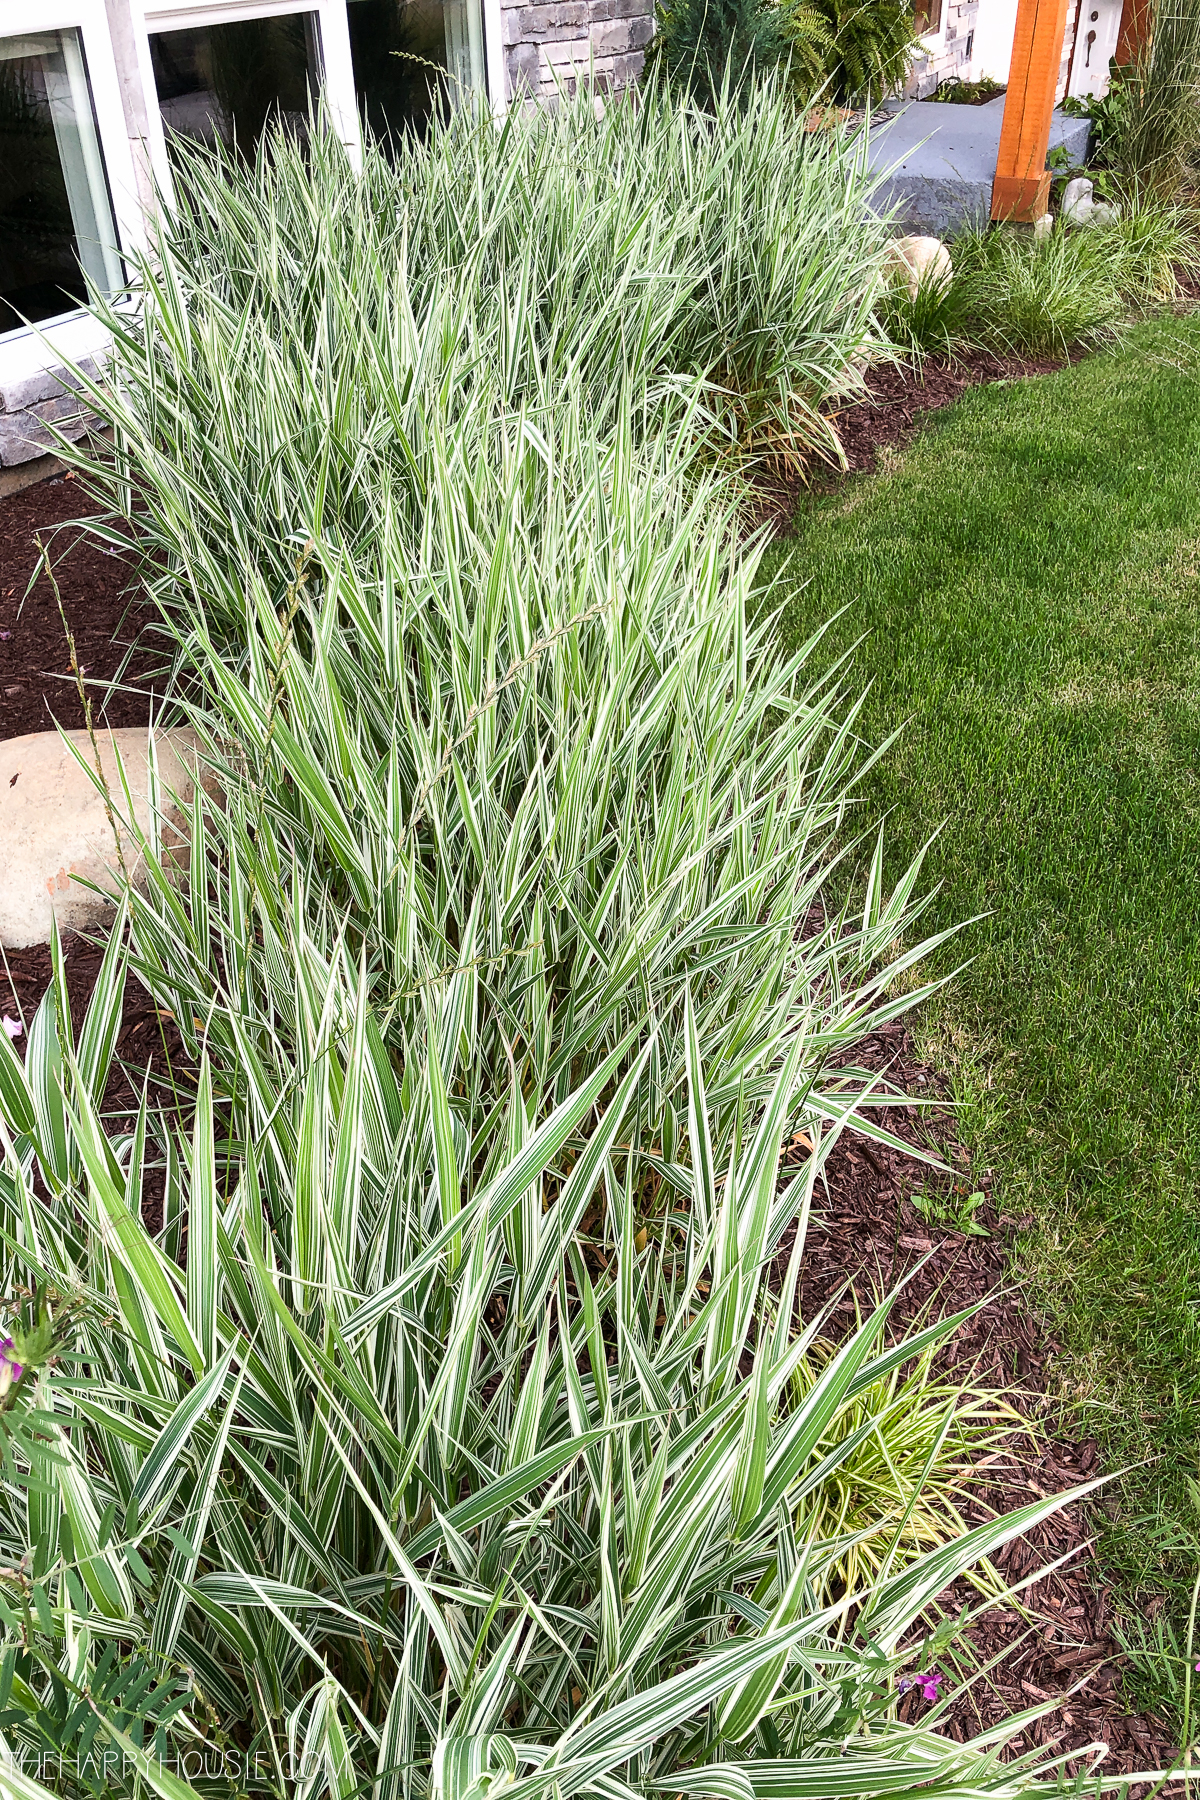 How to Use Ornamental Grasses in Your Landscaping
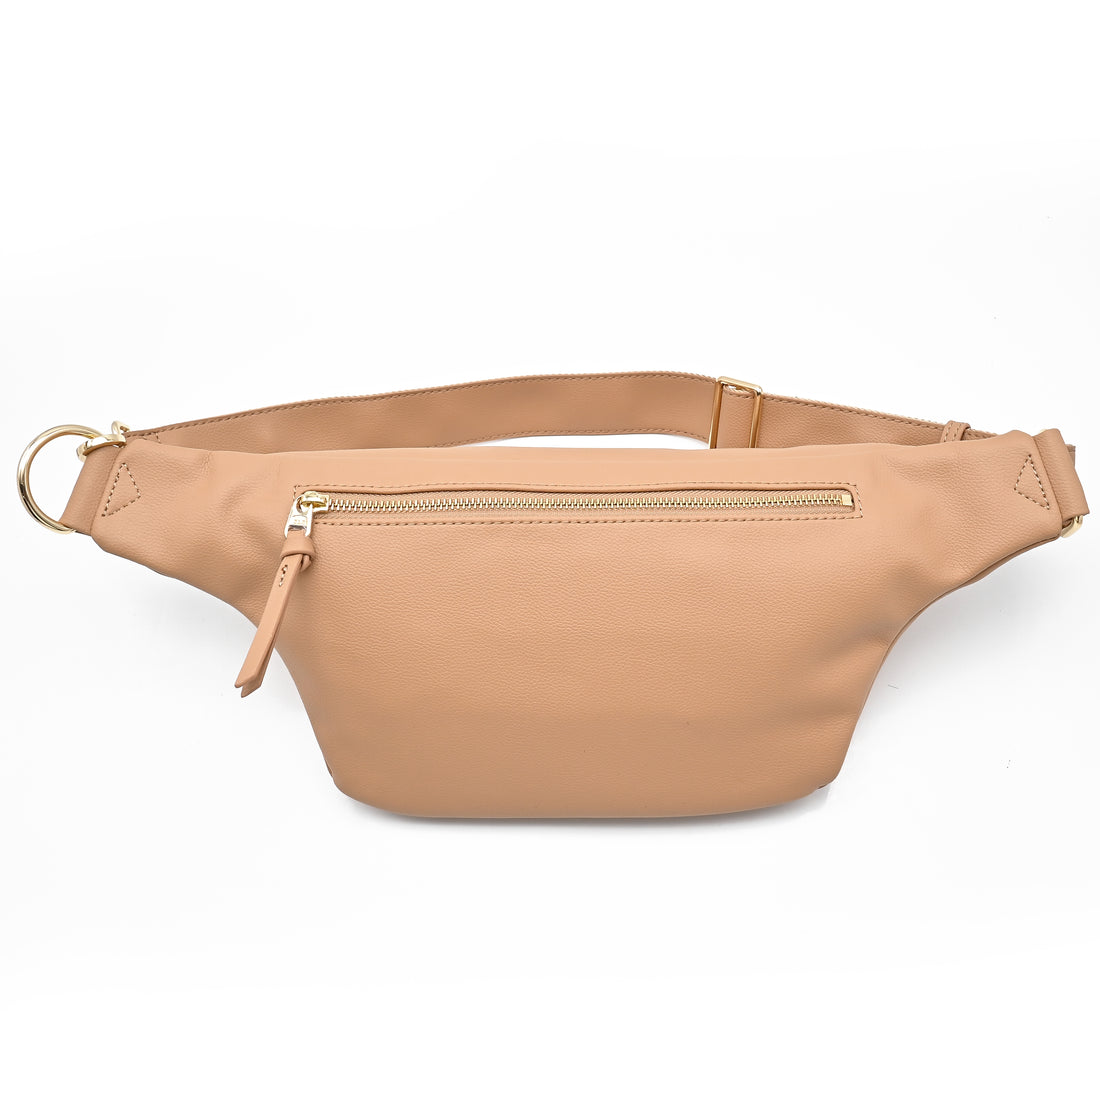 Better Than A Fanny Pack- Navy – IndigoLaine&Co
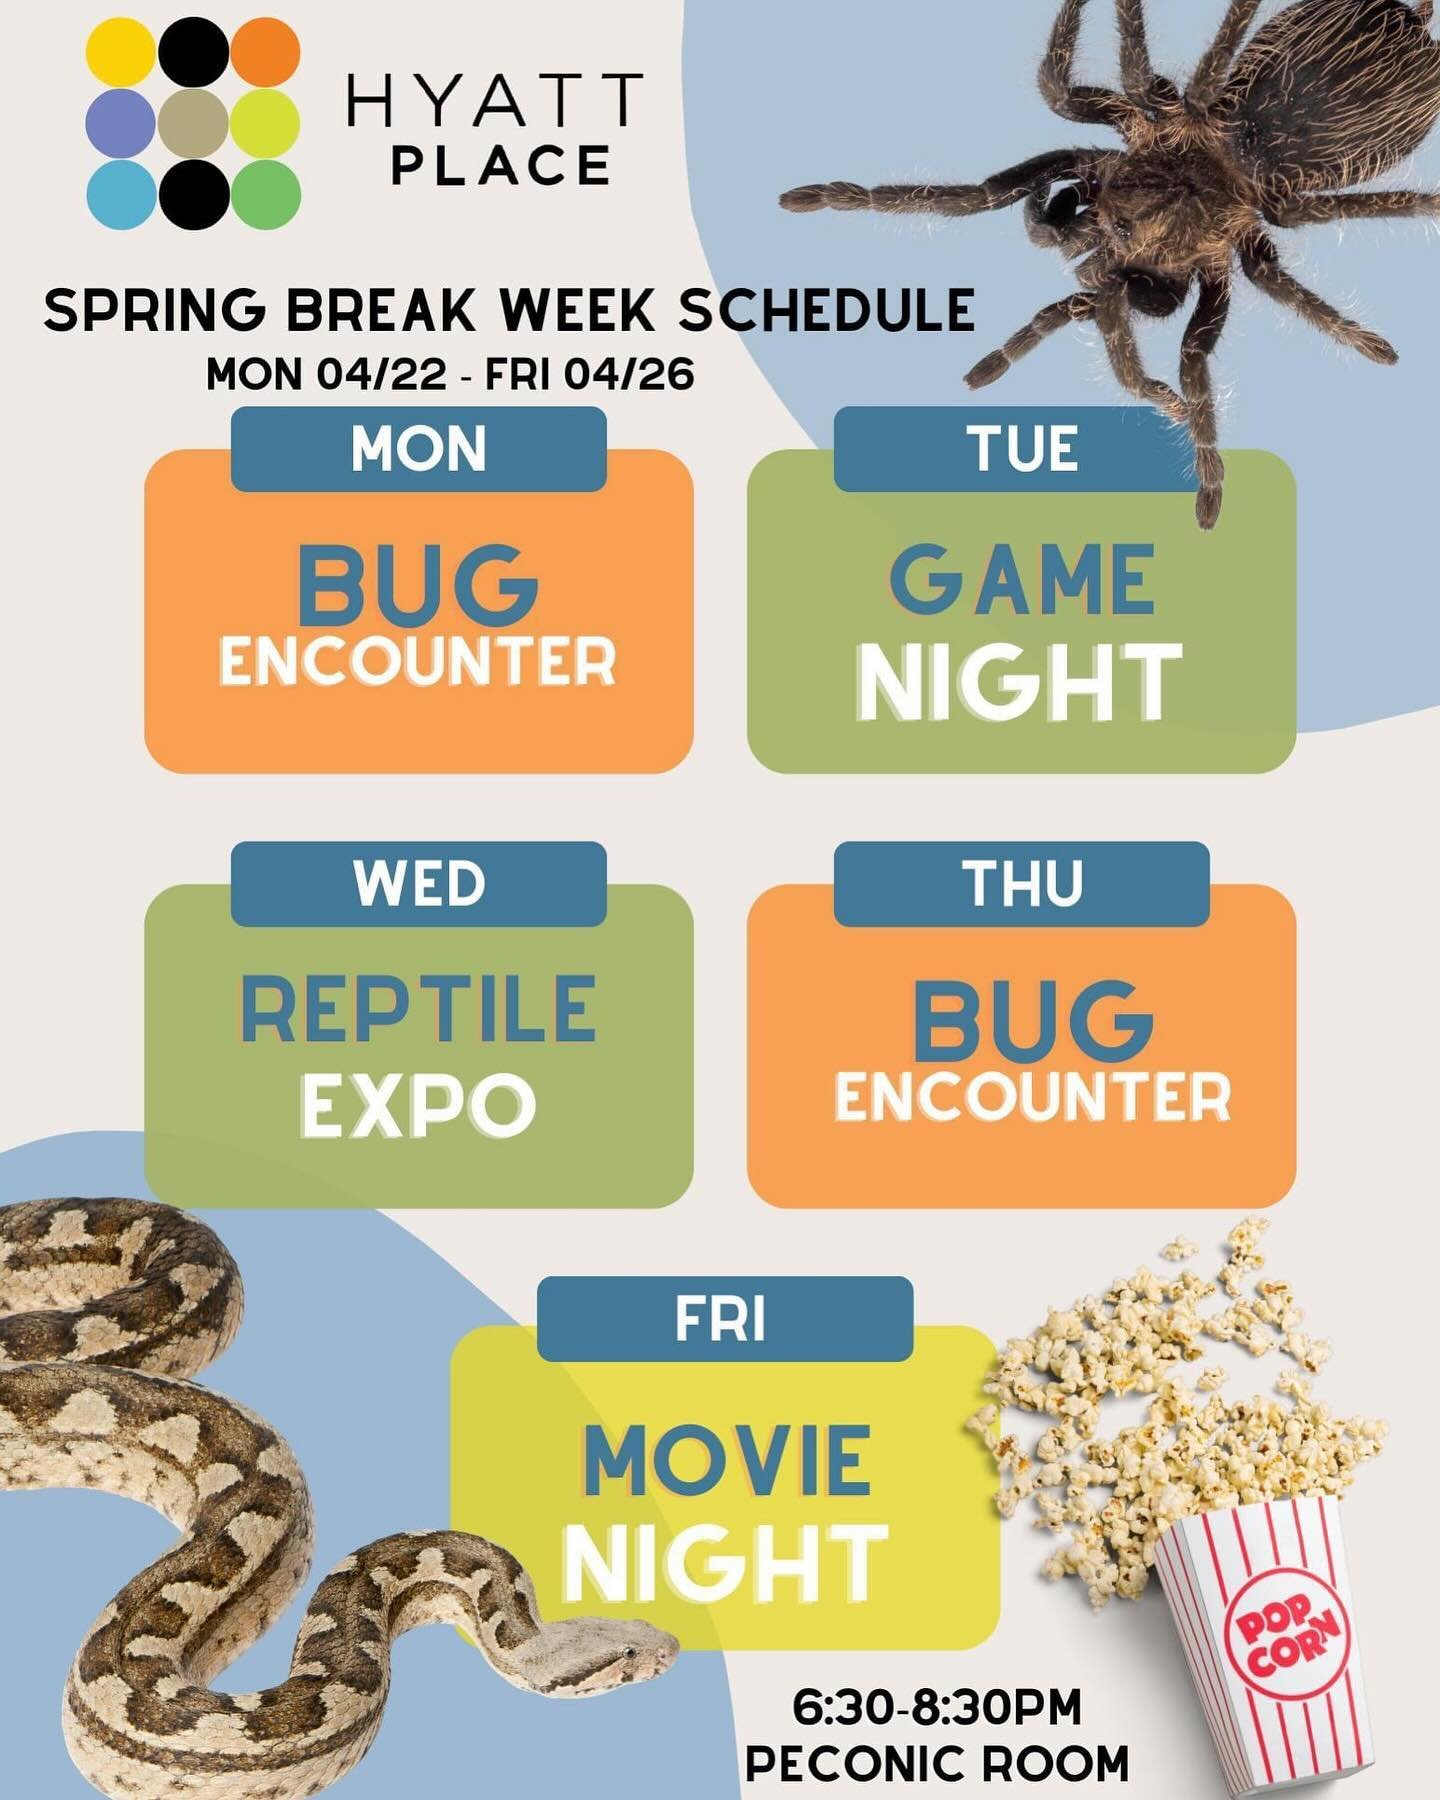 Still looking for where you&rsquo;ll spend your Spring Break? Look no further&hellip; @hyattplaceeastend has some amazing events planned for you and your family! 🐍🕷️🍿🎥

#springbreak #hyattplaceeastend #thehyatt #stayandplay #longisland #discoverl
━━━━━━━━
[WORK TO BE COMPLETED]: Leaving the pictures out, output all of the listing exactly.

[SOLUTION TO THIS PROBLEM]:
 How to Use Ornamental Grasses in Your Landscaping
 Better Than A Fanny Pack- Navy – IndigoLaine&Co
 Still looking for where you&rsquo;ll spend your Spring Break? Look no further&hellip; @hyattplaceeastend has some amazing events planned for you and your family! 🐍🕷️🍿🎥

#springbreak #hyattplaceeastend #thehyatt #stayandplay #longisland #discoverl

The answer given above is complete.